Other family relatives excluded from this study include cousins,
nephews/nieces, aunts/uncles, and in-laws.  Some children travelled
only with a nanny, therefore `parch=0` for them.  As well, some
travelled with very close friends or neighbors in a village, however,
the definitions do not support such relations.

# Notes

We don't have many data, so will use cross validation instead of a separate Validation set.

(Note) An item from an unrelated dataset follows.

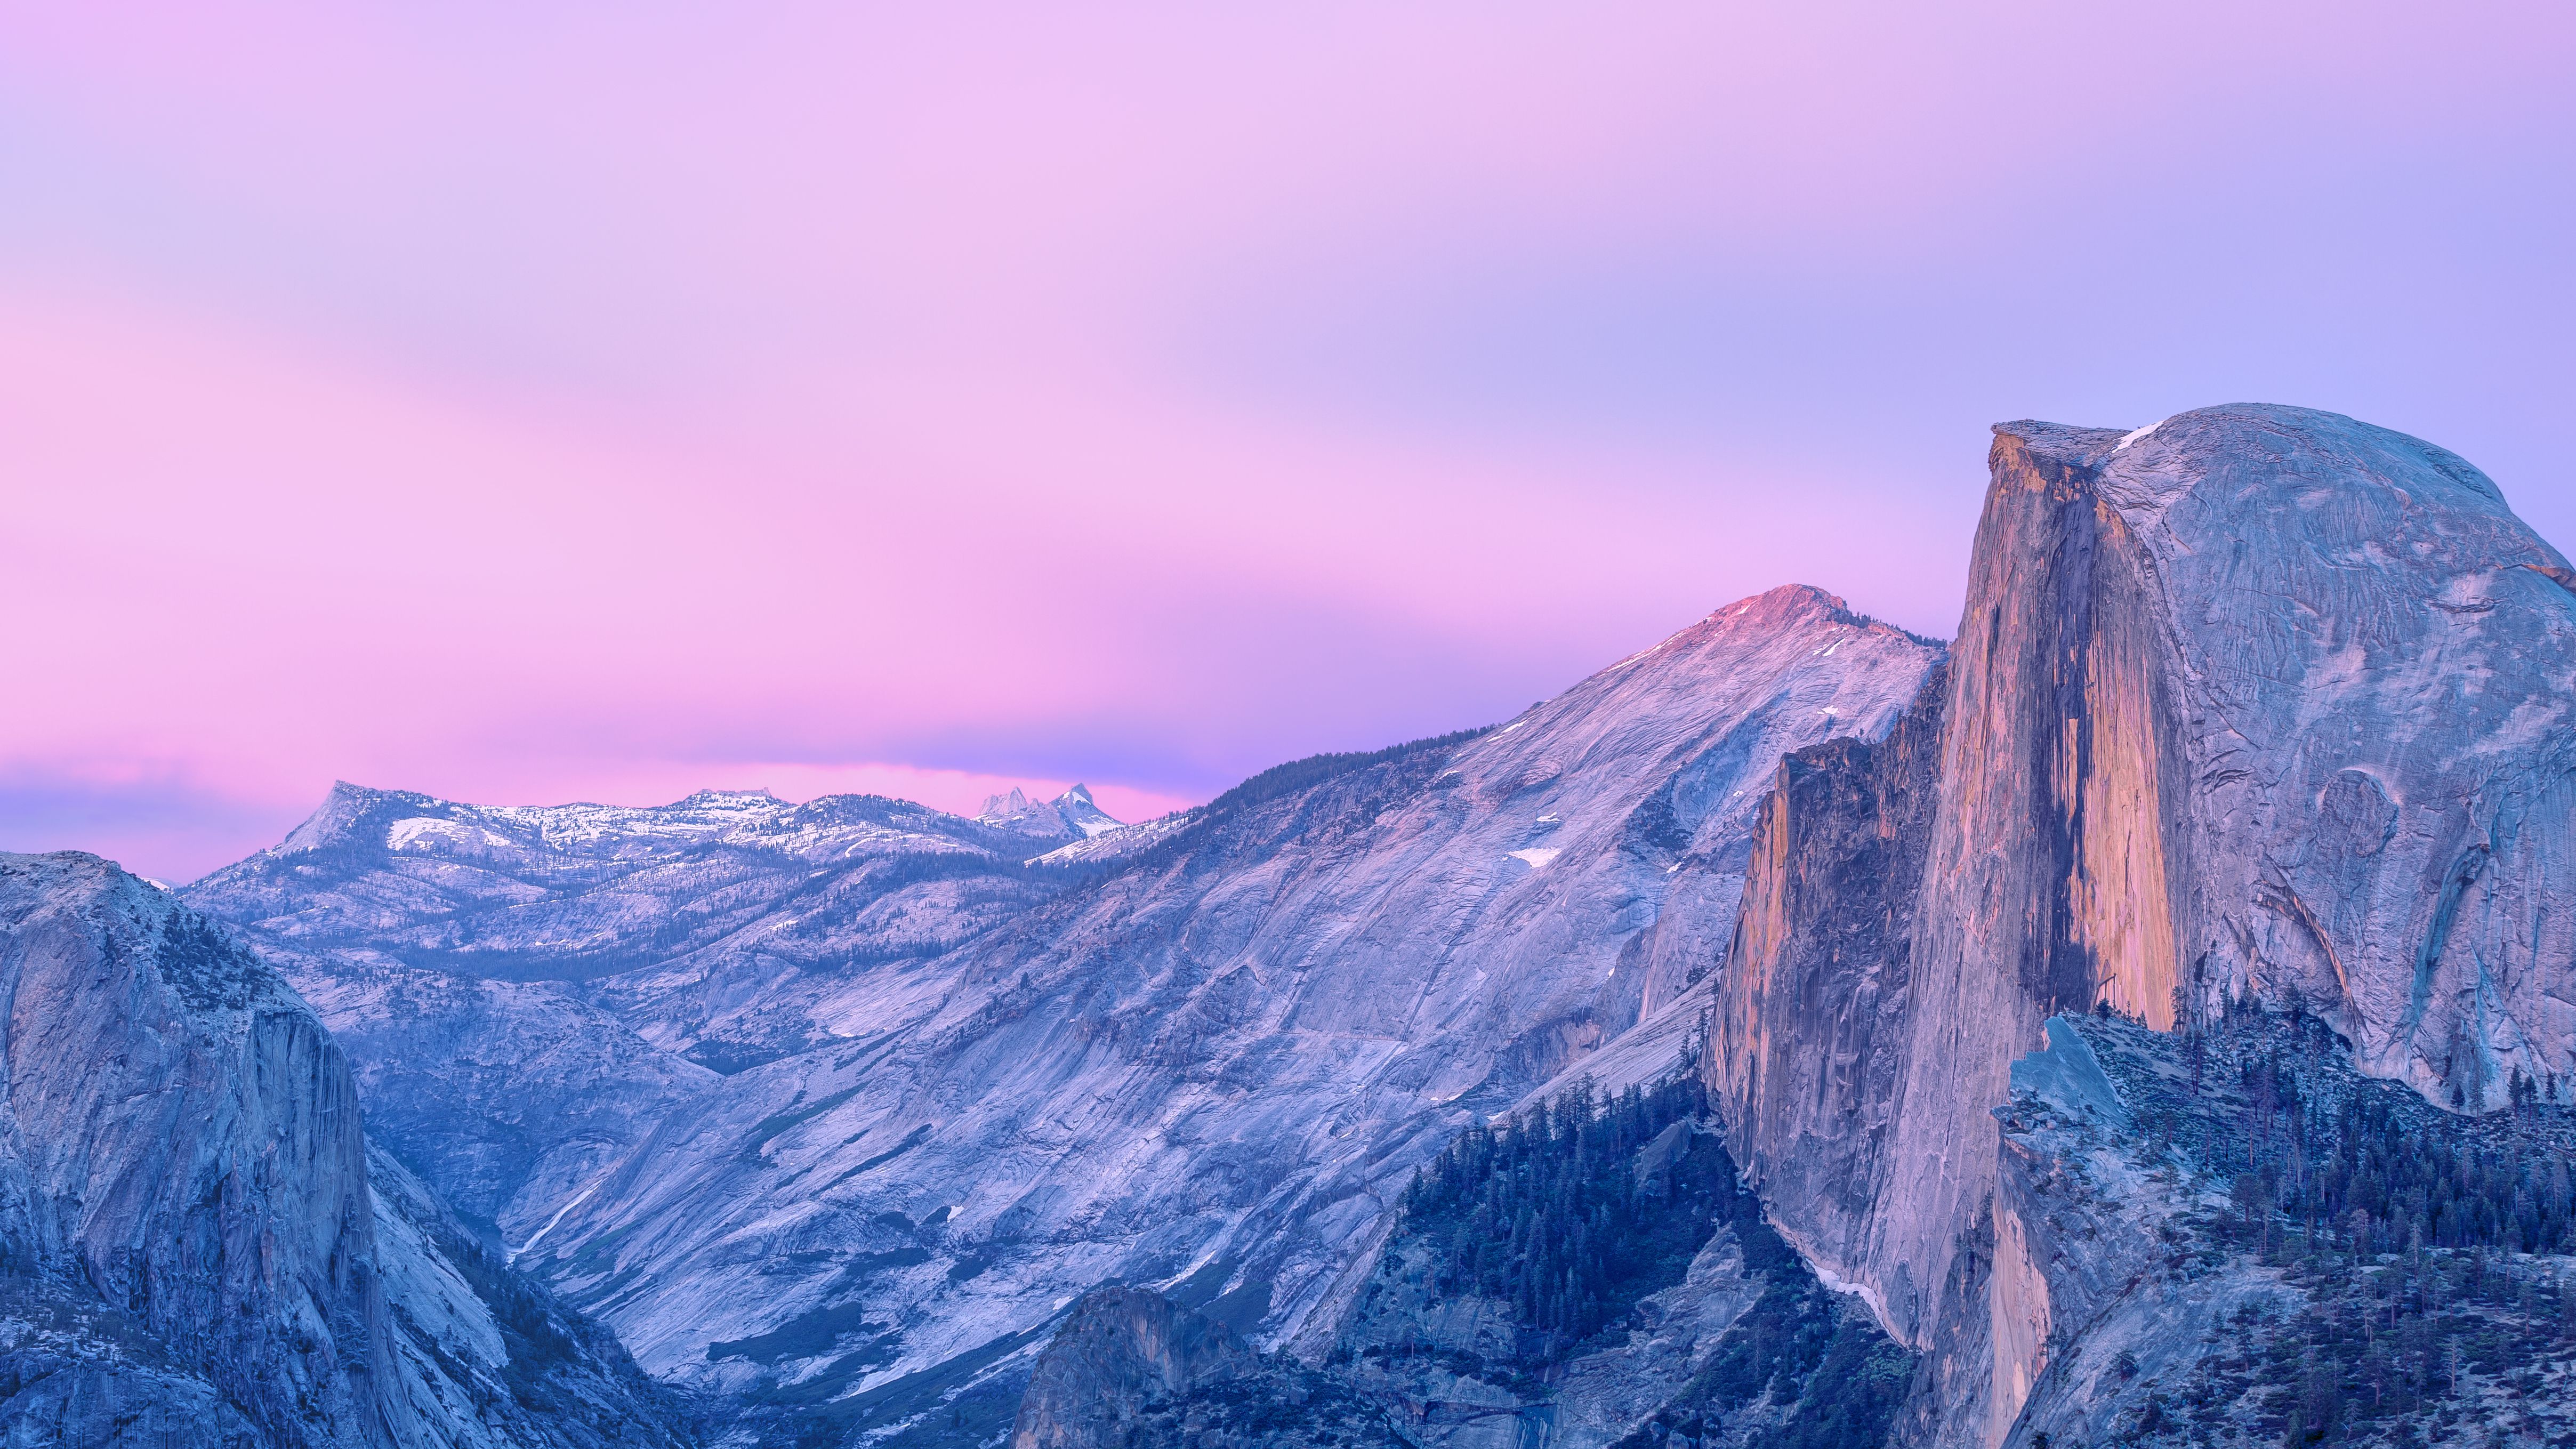 OS X Yosemite wallpaper are here, and they're beautiful

This will give us a score not useful as a generalization error, but will use it anyway for selection (as it should be).

In [160]:
import pandas as pd
import numpy as np

test = pd.read_csv('../input/test.csv')
train = pd.read_csv('../input/train.csv')

## Simplifying final scoring via a downloaded version of survivors

Data comes from [http://biostat.mc.vanderbilt.edu/wiki/Main/DataSets](), where some other data sets are available.

In [161]:
# There is an all empty record at the end
compiled_data = pd.read_csv('../input/titanic3.csv').dropna(how='all')

# The quotes in the names are wrong for `test.csv` and `train.csv`.
#  In general we don't care, so they are modified on the fly for the generation of the output test set
test_for_merger = test.copy()
test_for_merger['Name'] = test_for_merger['Name'].apply(lambda x: x.replace('"',''))
compiled_data['Name'] = compiled_data['name'].apply(lambda x: x.replace('"',''))

# We use both `Name` and `Ticket` to merge, because some passenger have duplicated names (we were getting wrong lengths before)
y_test = test_for_merger.merge(compiled_data, left_on=['Name', 'Ticket'], 
                    right_on=['Name', 'ticket'], how='left').rename(columns={'survived': 'Survived'})['Survived'].astype('int')

In [162]:
def generalization_error(prediction):
    print(((y_test - prediction) == 0).value_counts(normalize=True))

We will use the above data just to run the generalization error calculation, not for training, not for anything else.

In order to easily generate the CSV submission file when it is time to do so, we define the function below.

In [163]:
def csv_from_prediction(prediction, filename='submission.csv'):
    submission = pd.DataFrame(data={'PassengerId': test['PassengerId'], 'Survived': prediction.astype(int)})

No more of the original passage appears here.